Exercise: Look below for the line that contains "ScatterTwist-desert2-cam1", then quote it and all the lines after it, exactly, with the pictures left out.

Collected data:
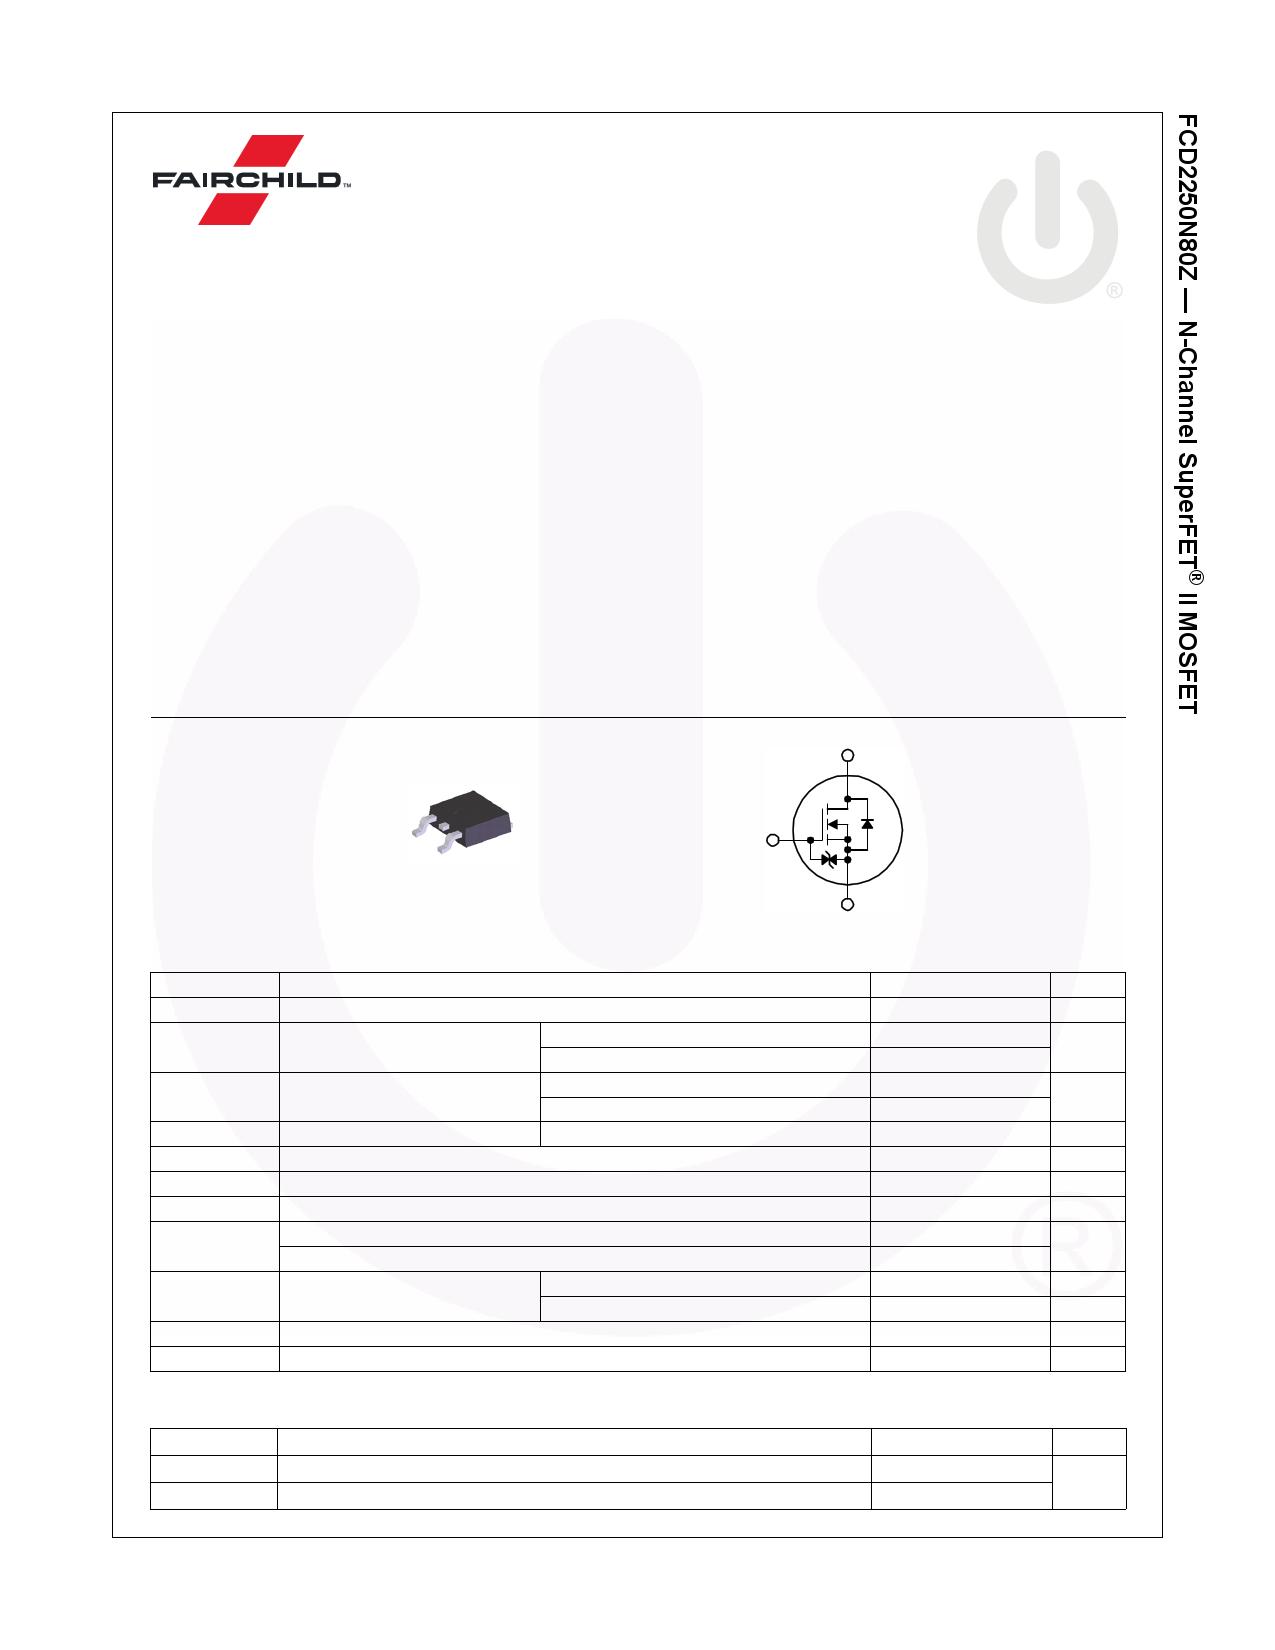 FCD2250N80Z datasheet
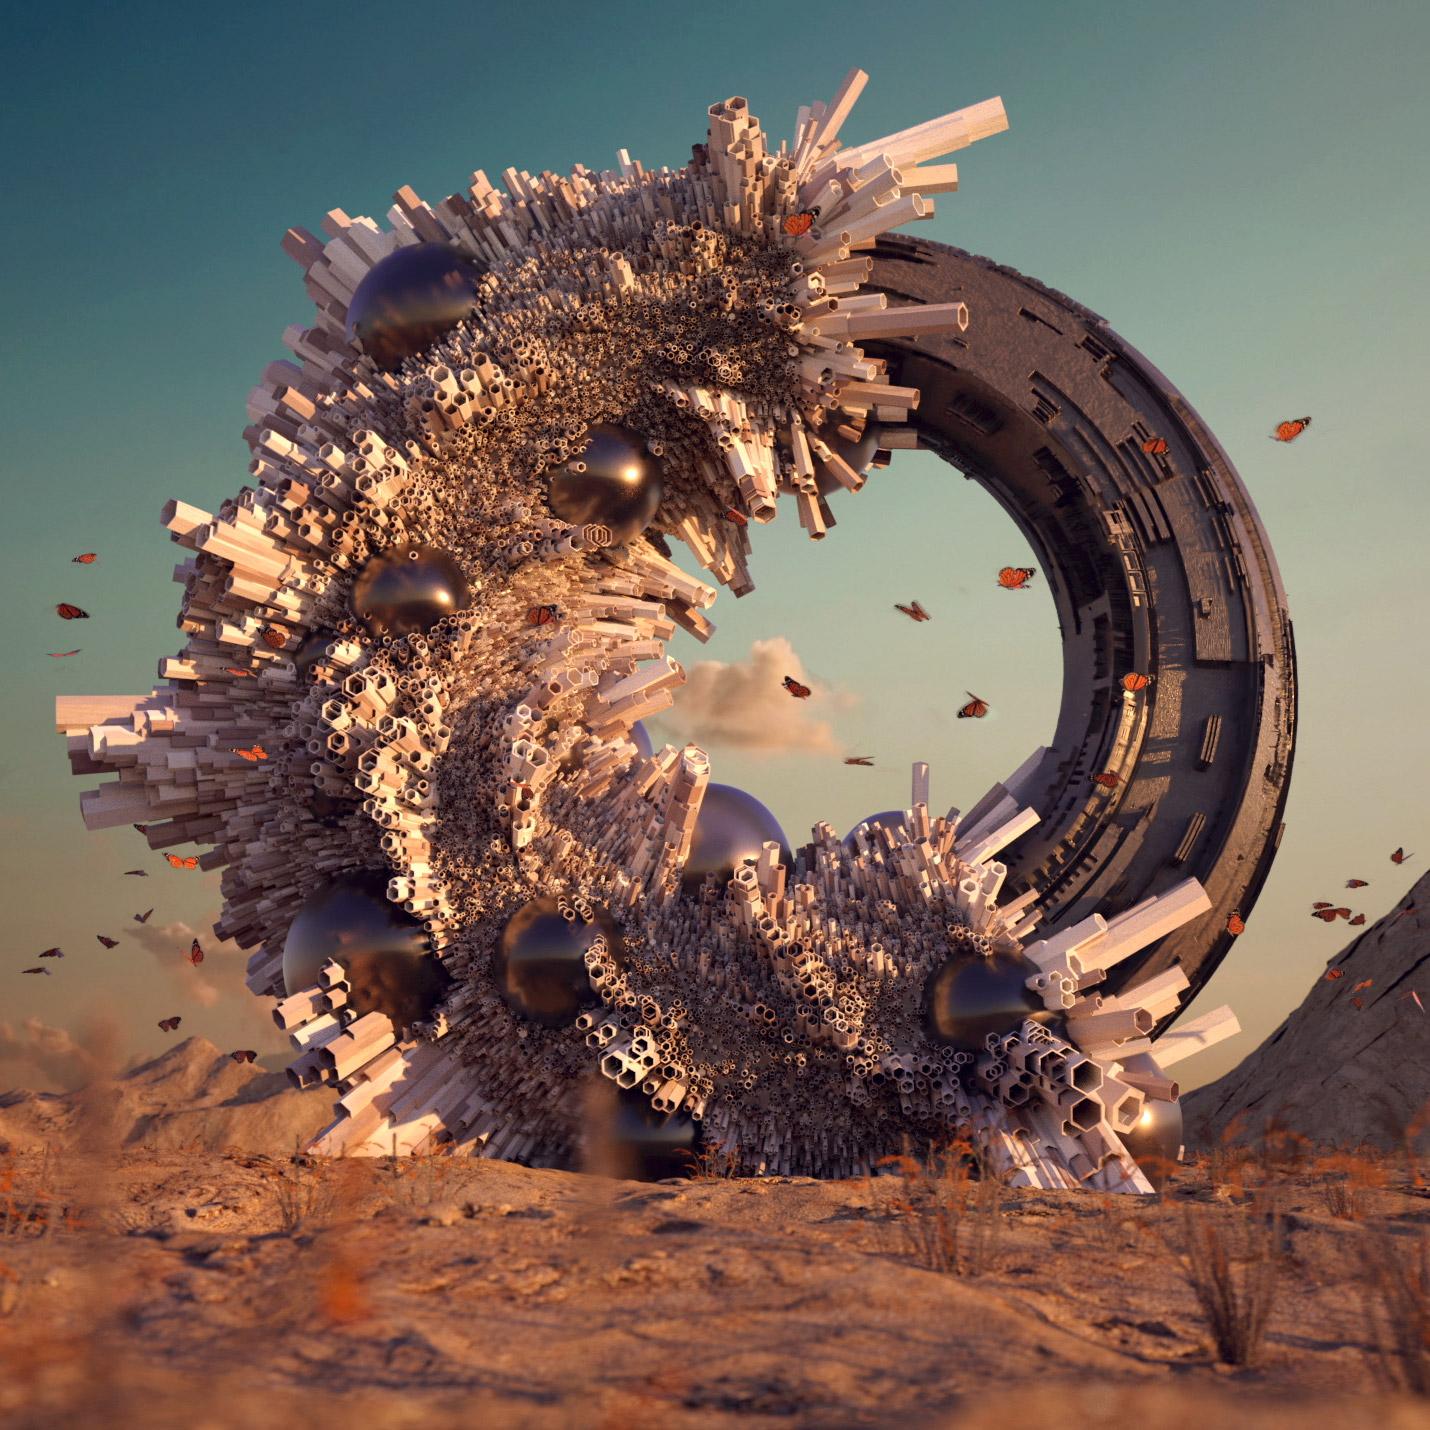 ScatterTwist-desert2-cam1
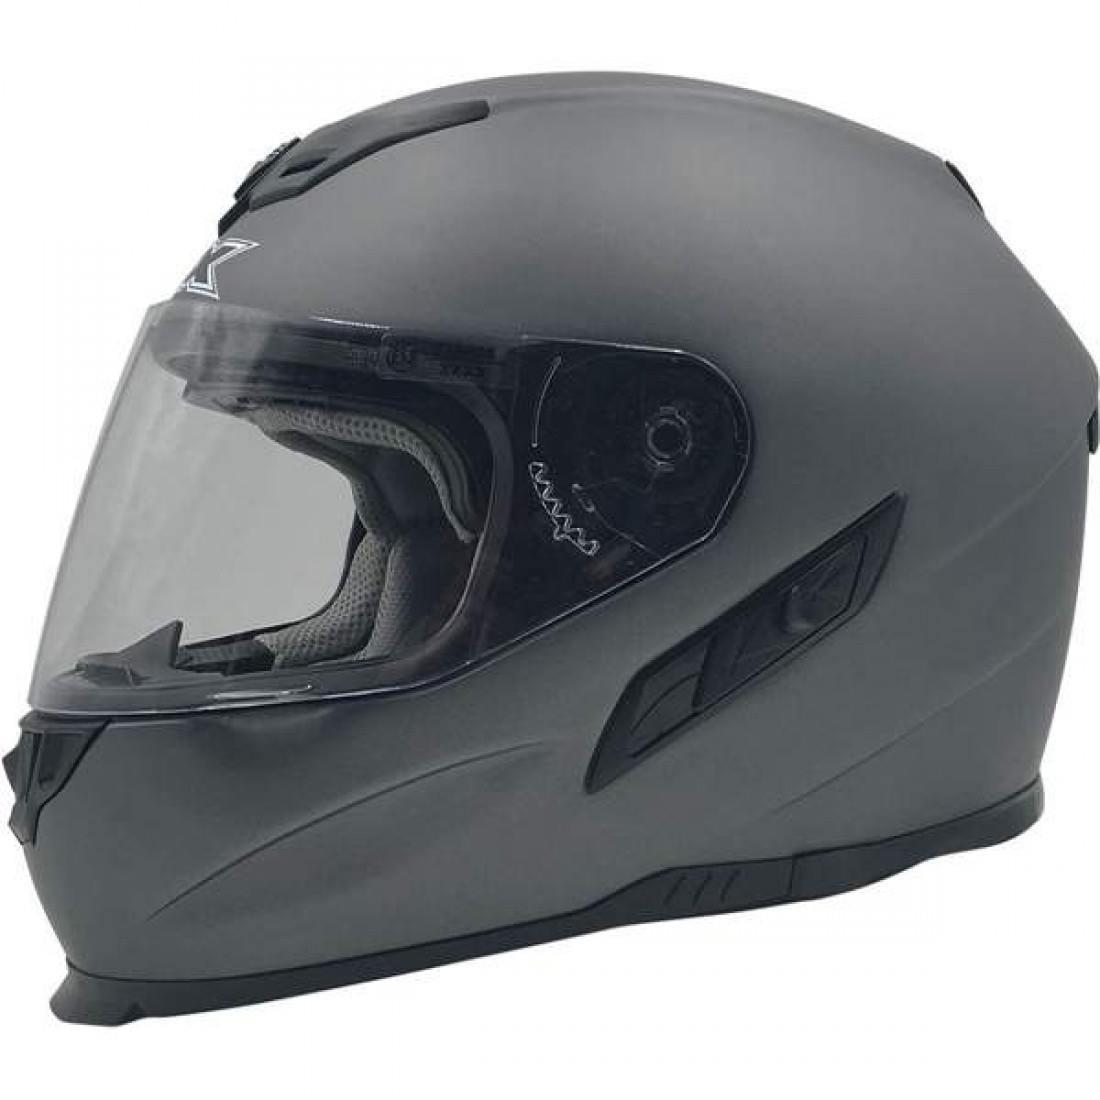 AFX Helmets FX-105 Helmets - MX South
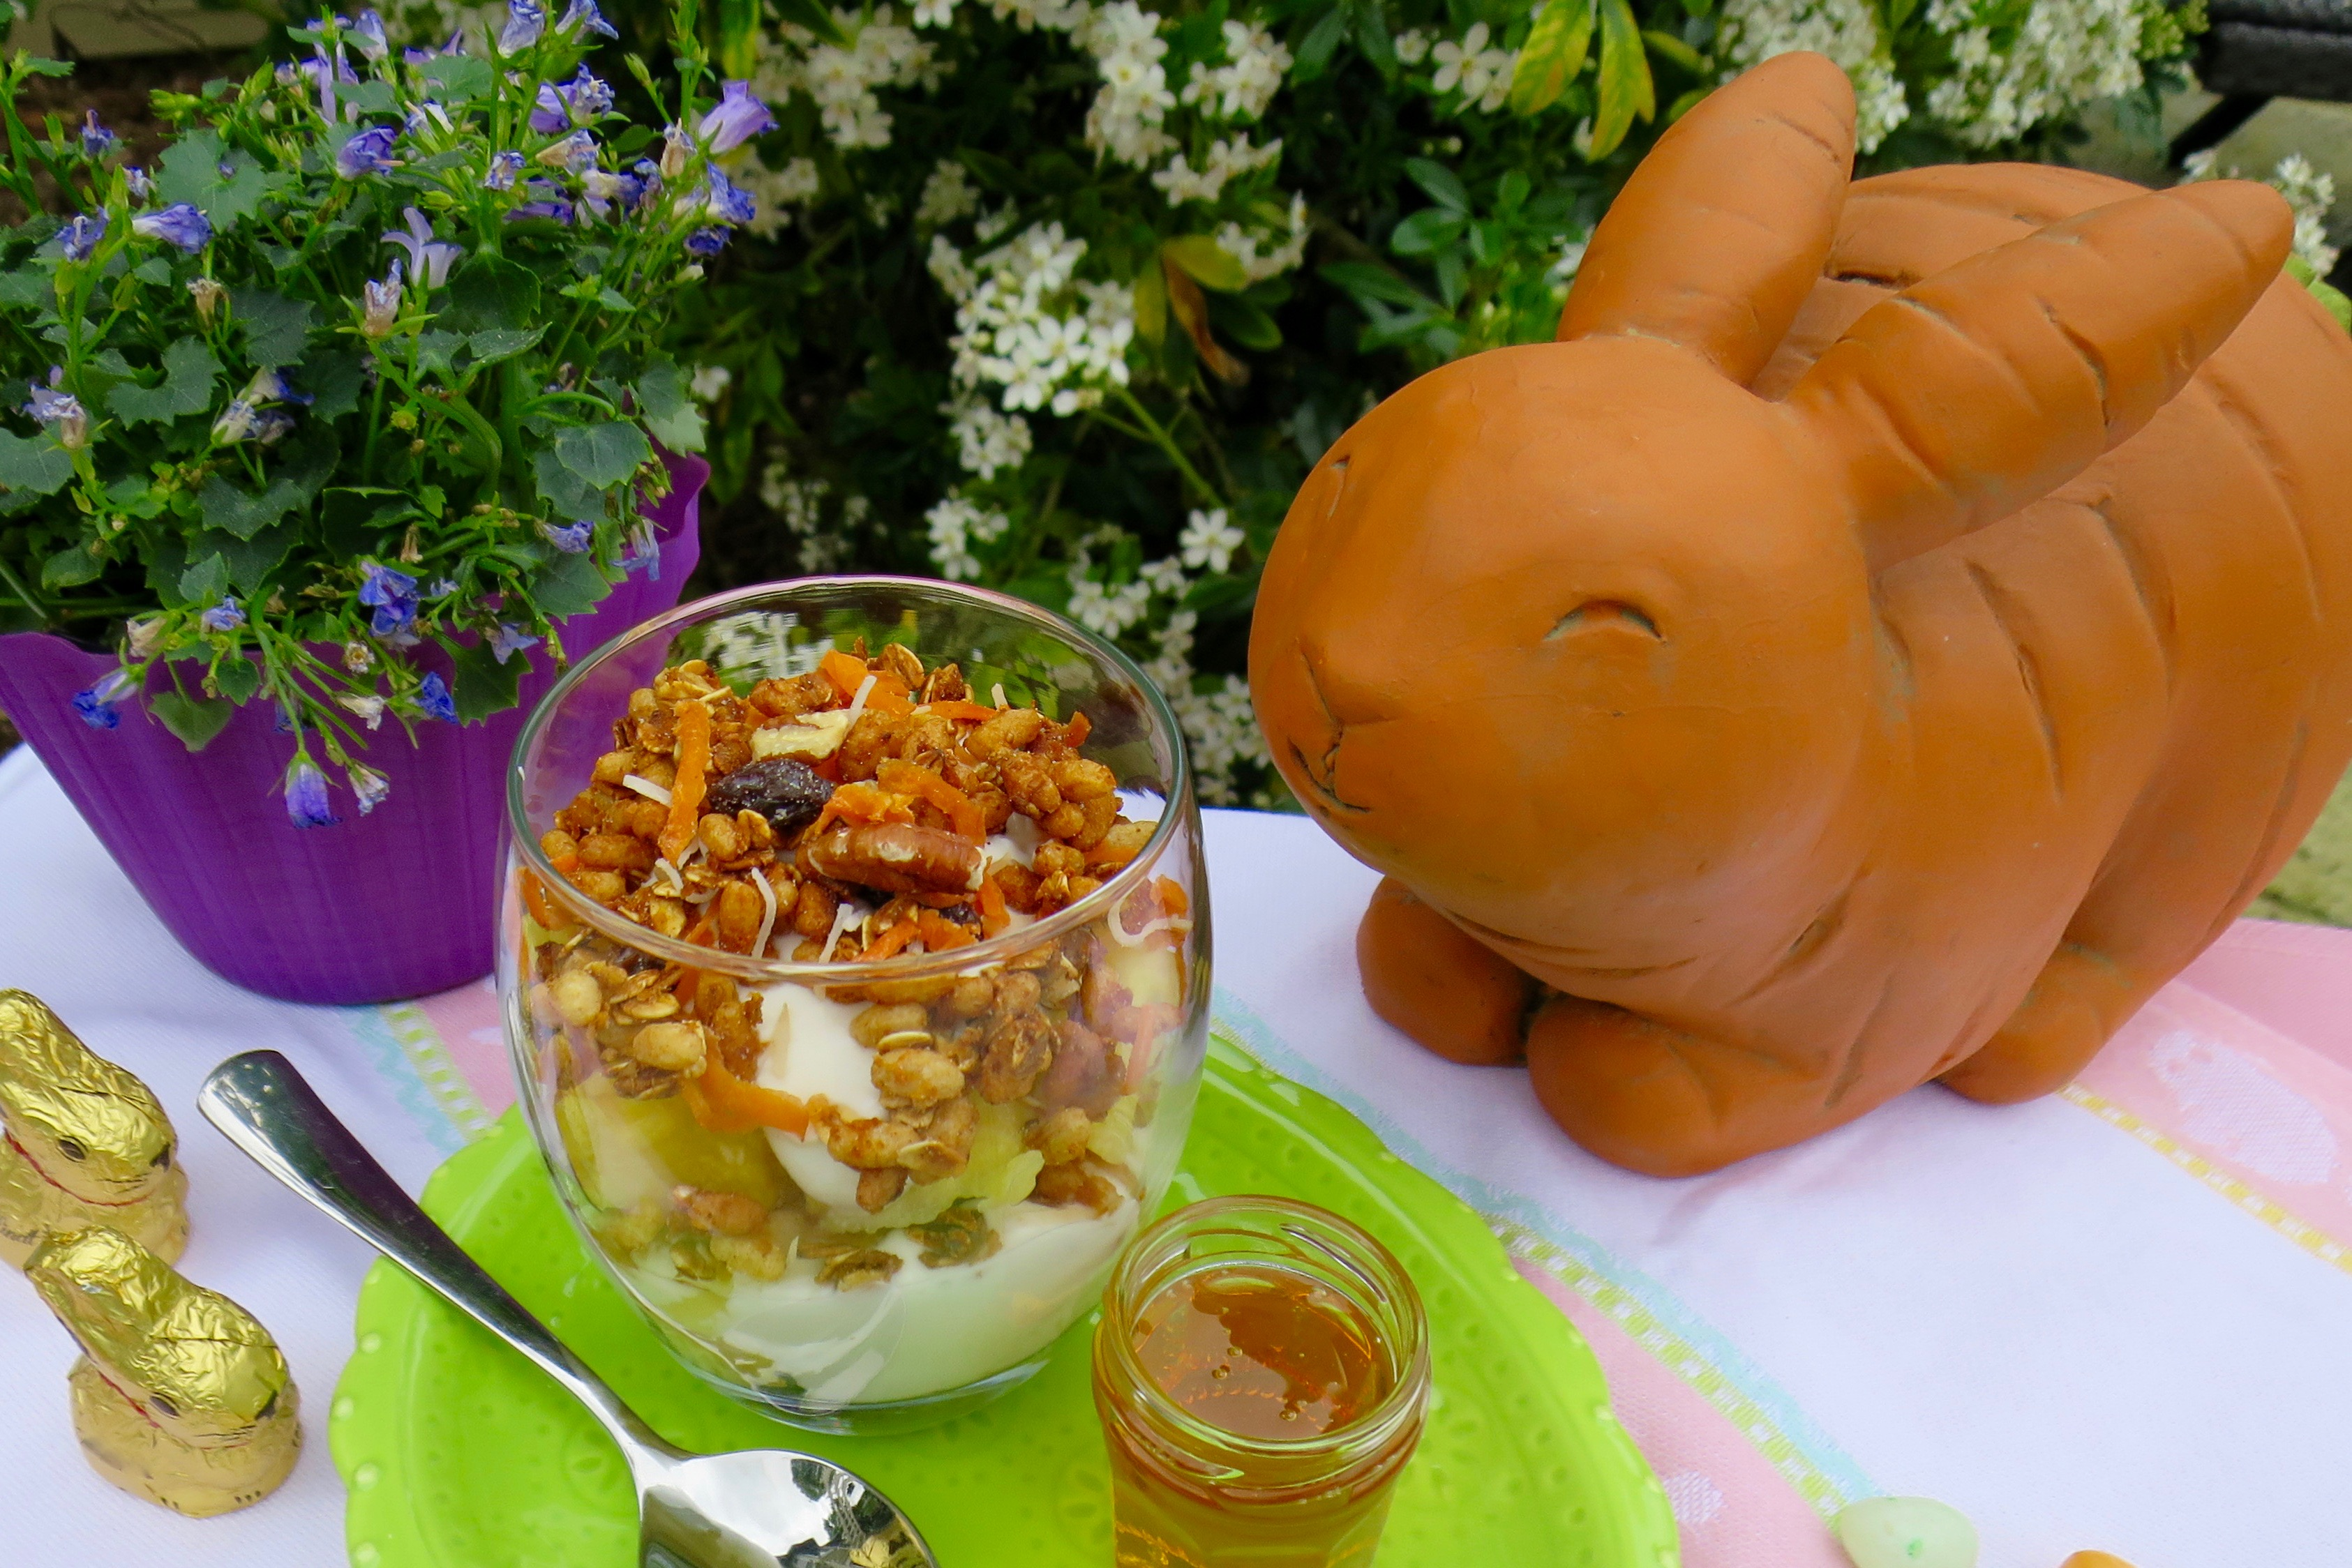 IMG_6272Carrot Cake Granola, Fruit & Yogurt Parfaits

Solution below:
 ScatterTwist-desert2-cam1
 AFX Helmets FX-105 Helmets - MX South
 IMG_6272Carrot Cake Granola, Fruit & Yogurt Parfaits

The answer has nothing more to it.